> What you should do: Using the listing below, give again exactly the lines from the line with "An image of" to the line with "Squash on wooden", inclusive, without the pictures.

> Data extracts:
Start of Block

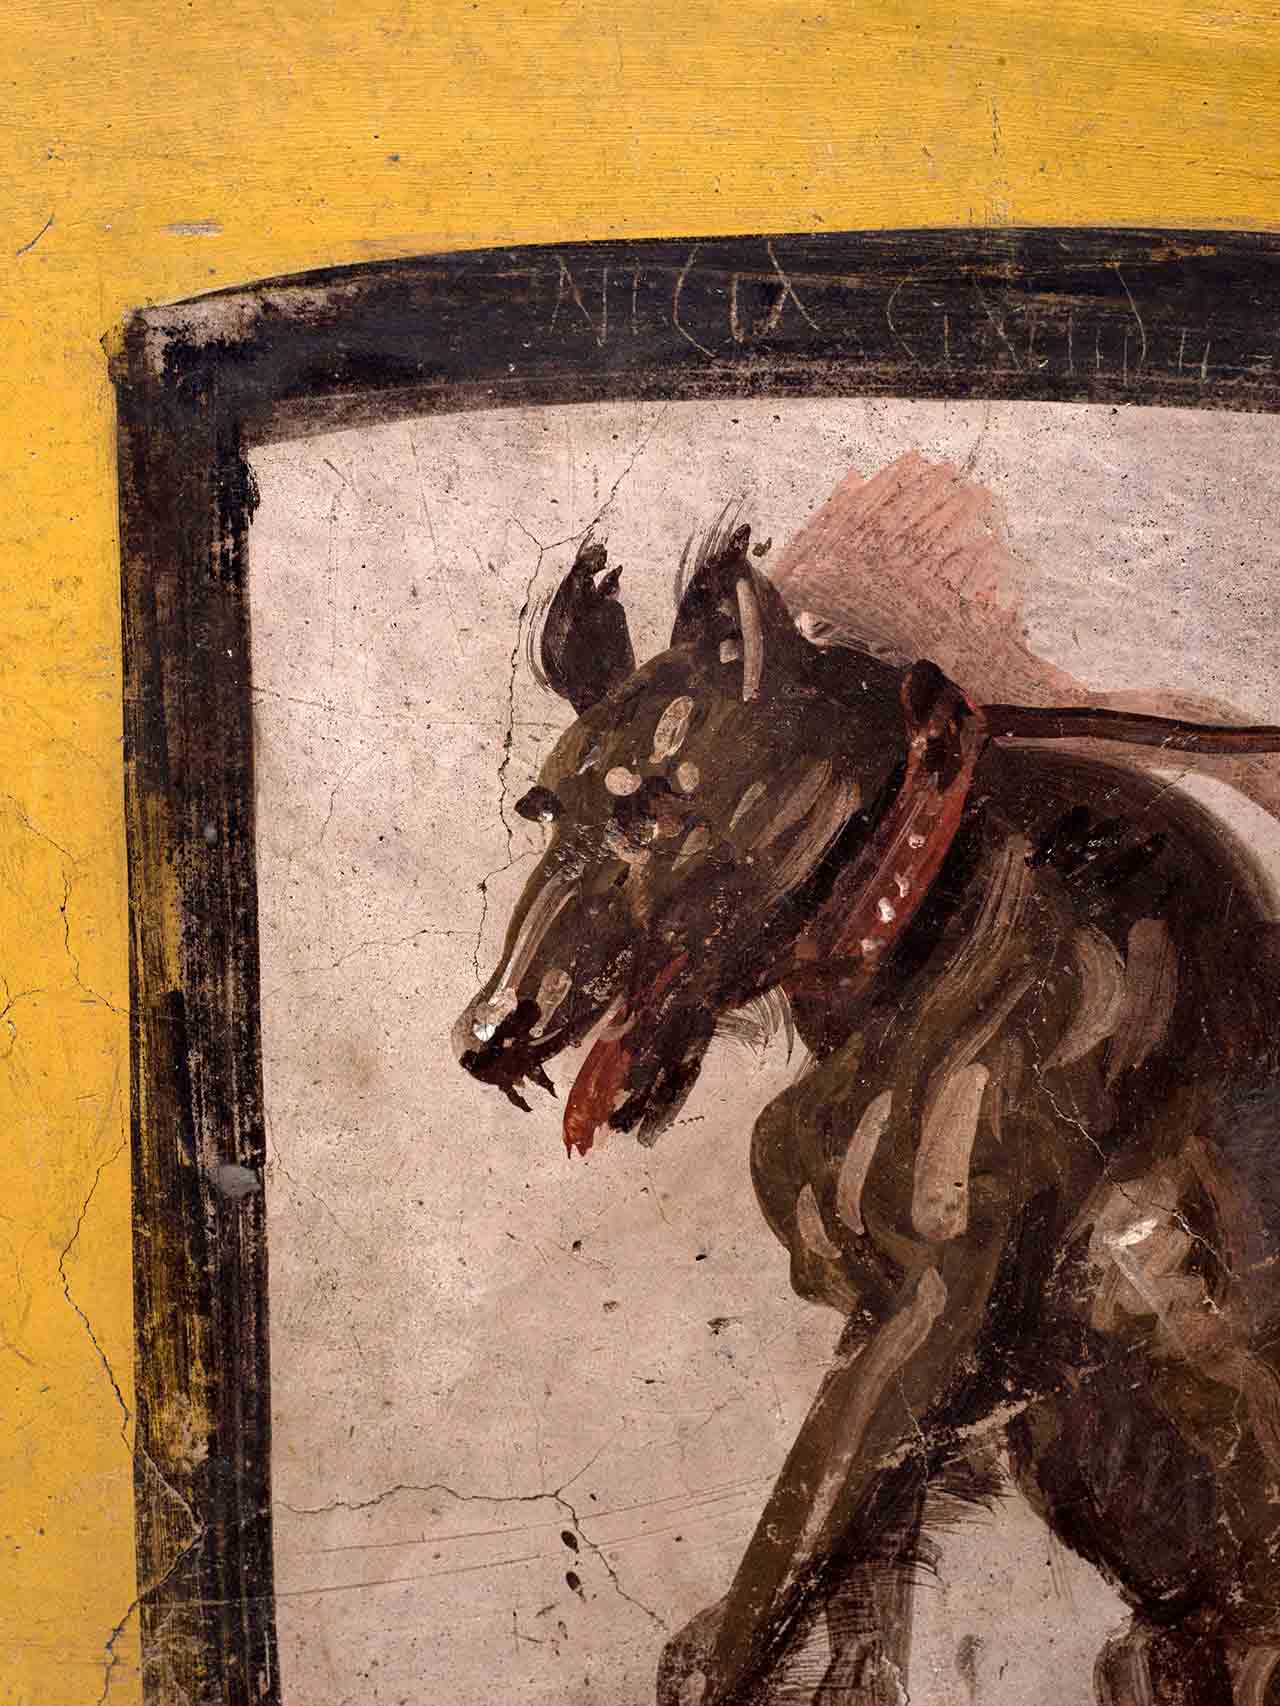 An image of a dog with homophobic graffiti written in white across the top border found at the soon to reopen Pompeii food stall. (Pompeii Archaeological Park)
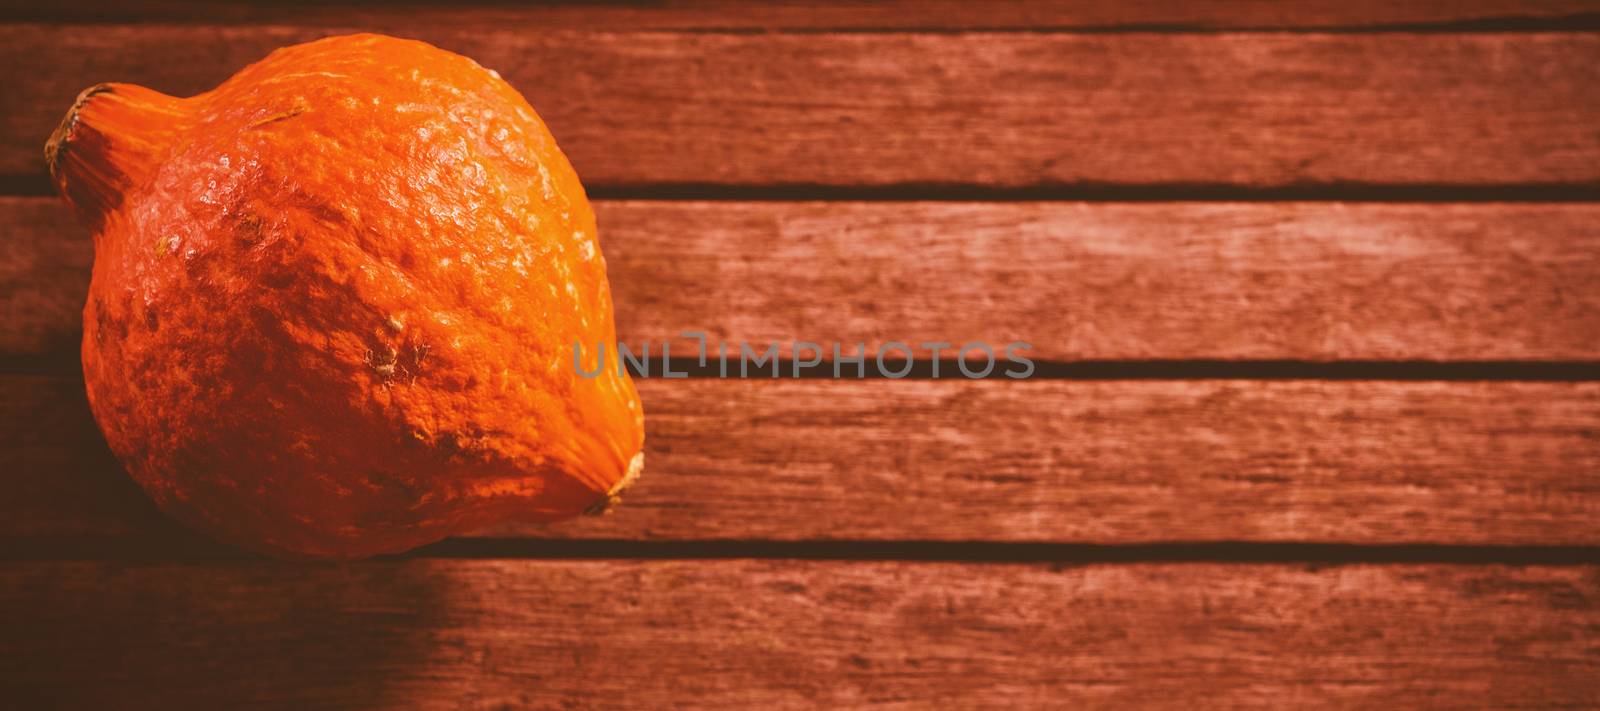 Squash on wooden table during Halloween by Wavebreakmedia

End of Block
Start of Block

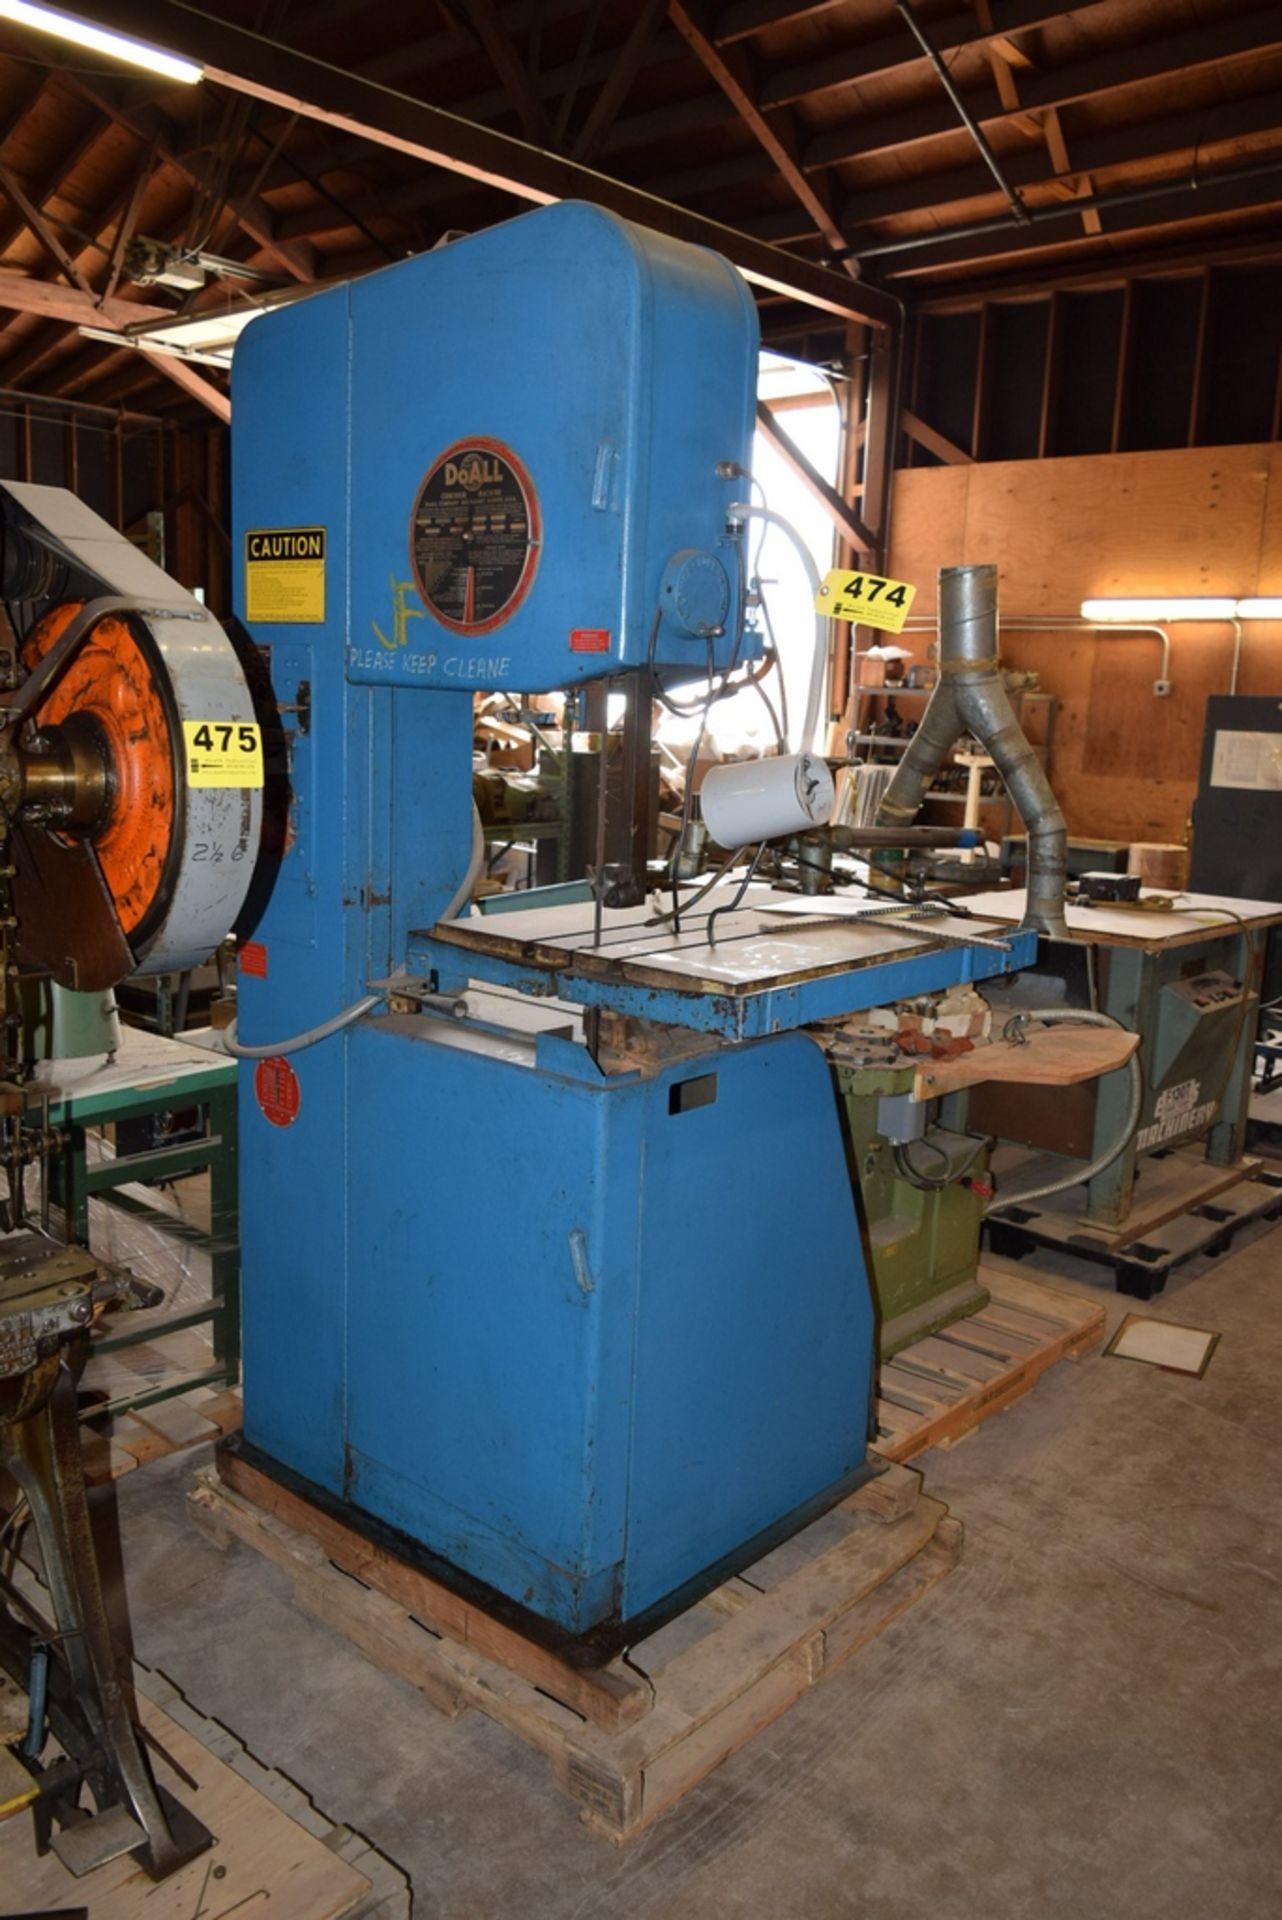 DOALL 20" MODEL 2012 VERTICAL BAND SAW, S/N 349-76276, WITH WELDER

End of Block

> Written reply:
 An image of a dog with homophobic graffiti written in white across the top border found at the soon to reopen Pompeii food stall. (Pompeii Archaeological Park)
 Squash on wooden table during Halloween by Wavebreakmedia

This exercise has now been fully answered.